Préférés aux bus et aux trains en raison de leur disponibilité et de leur efficacité, on estime que près de 15 millions de personnes par jour dépendent de ces taxis en Afrique du Sud, soit plus de 60 % de tous les usagers des transports publics. La mise à l'arrêt des taxis à cause des affrontements de la semaine dernière a ainsi laissé de nombreux habitants de banlieue sans aucun moyen de transport pour aller travailler en ville.

Le mercredi 7 juillet, après l'escalade de violence, la Cata a cessé toute activité au Cap. La Codeta a fait de même dans la soirée. Les usagers ont alors passé la journée à se démener pour trouver un moyen de transport entre leur domicile et leur lieu de travail via les quelques lignes de taxis exploitées par d'autres associations et des chauffeurs indépendants sont restés en service.

une vidéo publiée sur Twitter le 8 juillet montre une station de taxi presque vide à Somerset West, une banlieue du Cap.
“Les taxis de Gugulethu sont à l'arrêt. Les gens sont bloqués 💔#TaxiViolence”

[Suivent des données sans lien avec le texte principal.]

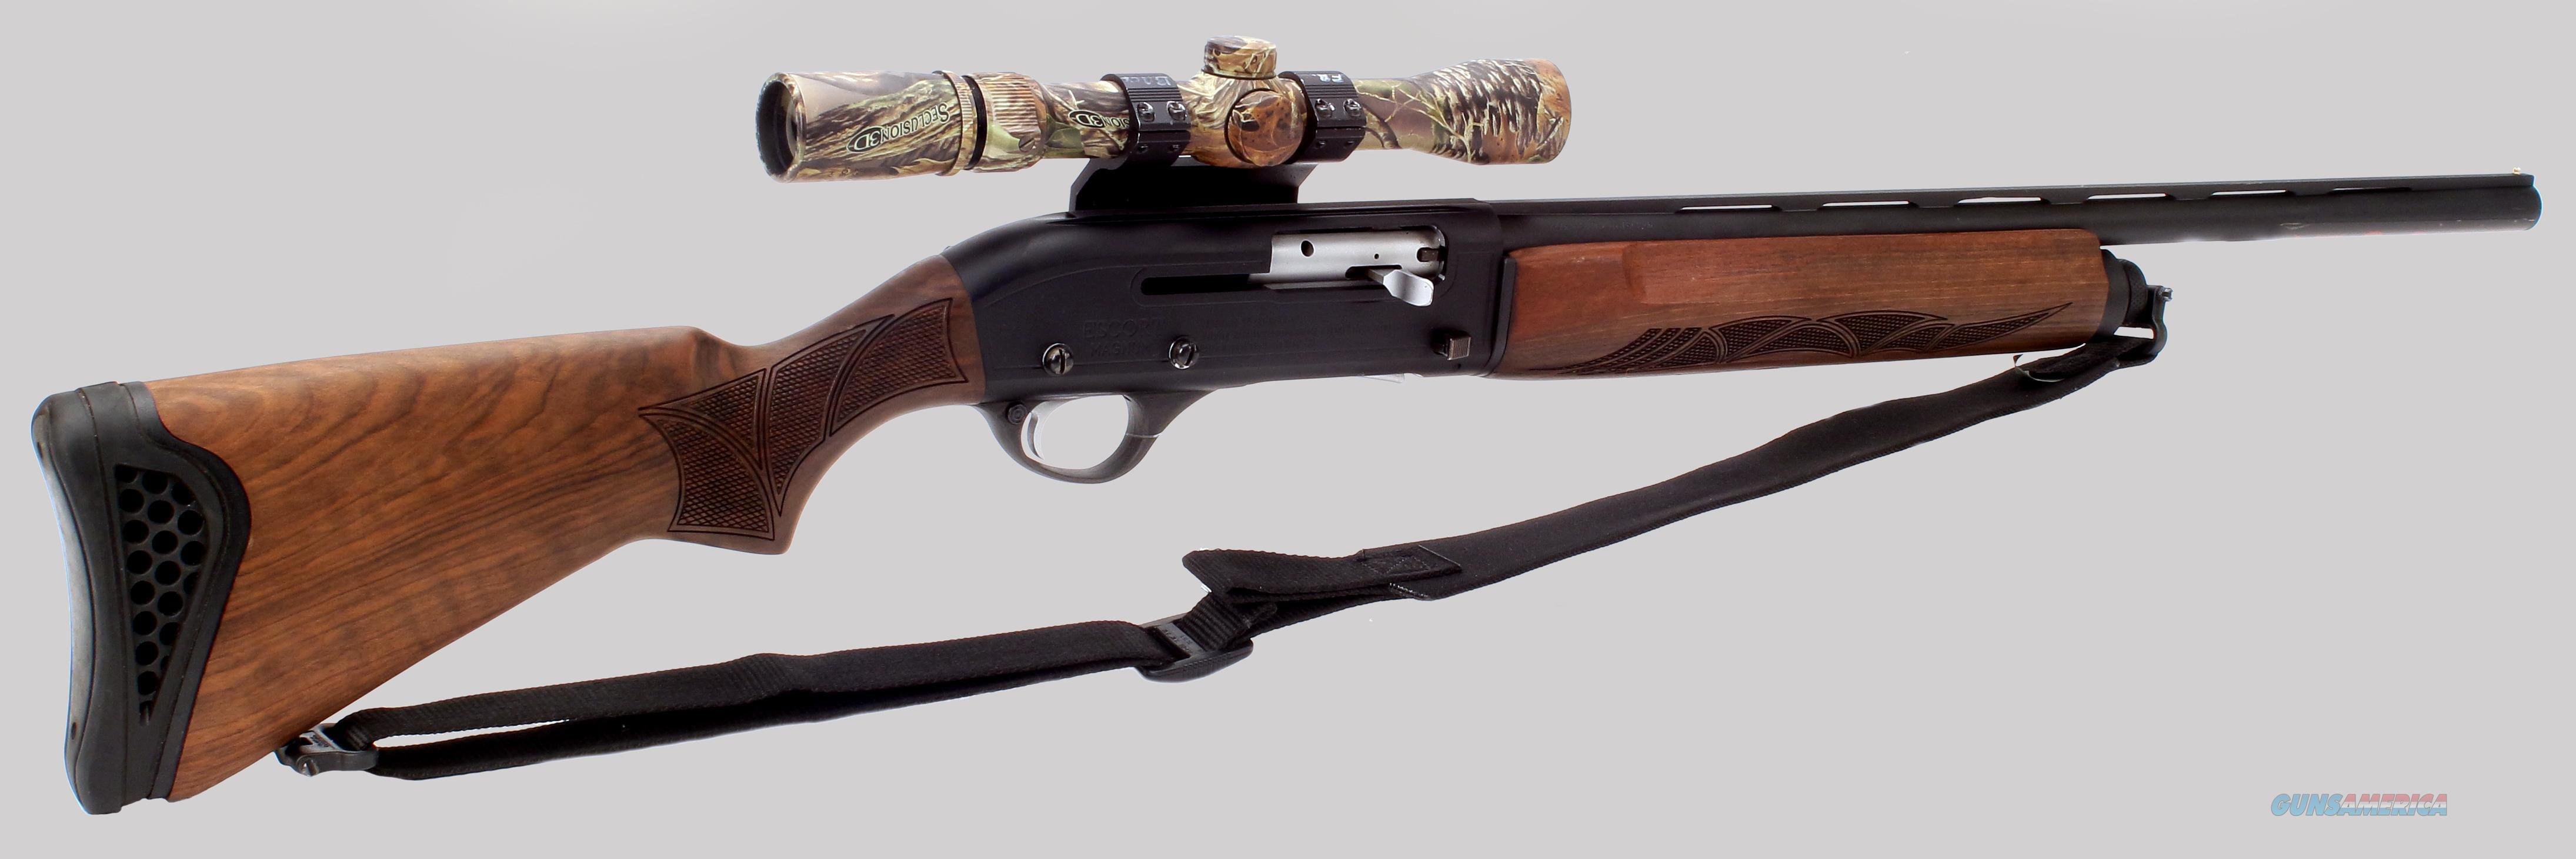 escort 410 shotgun

Le 8 juillet dernier, une réunion d'urgence a été organisée avec les forces de l'ordre et les agences de transport. Menacées par des sanctions du ministère provincial des Transports, les associations de taxis Cata et Codeta ont conclu un accord de cessez-le-feu et ont repris leurs activités le 9 juillet. Elles ont également demandé que la police et les forces de l'ordre restent présentes aux abords des stations et le long des itinéraires de taxi en cas de nouvelles violences. La même semaine, de vifs affrontements liés à des querelles similaires ont également eu lieu dans d'autres villes d'Afrique du Sud, notamment à Port Shepstone et à Johannesburg.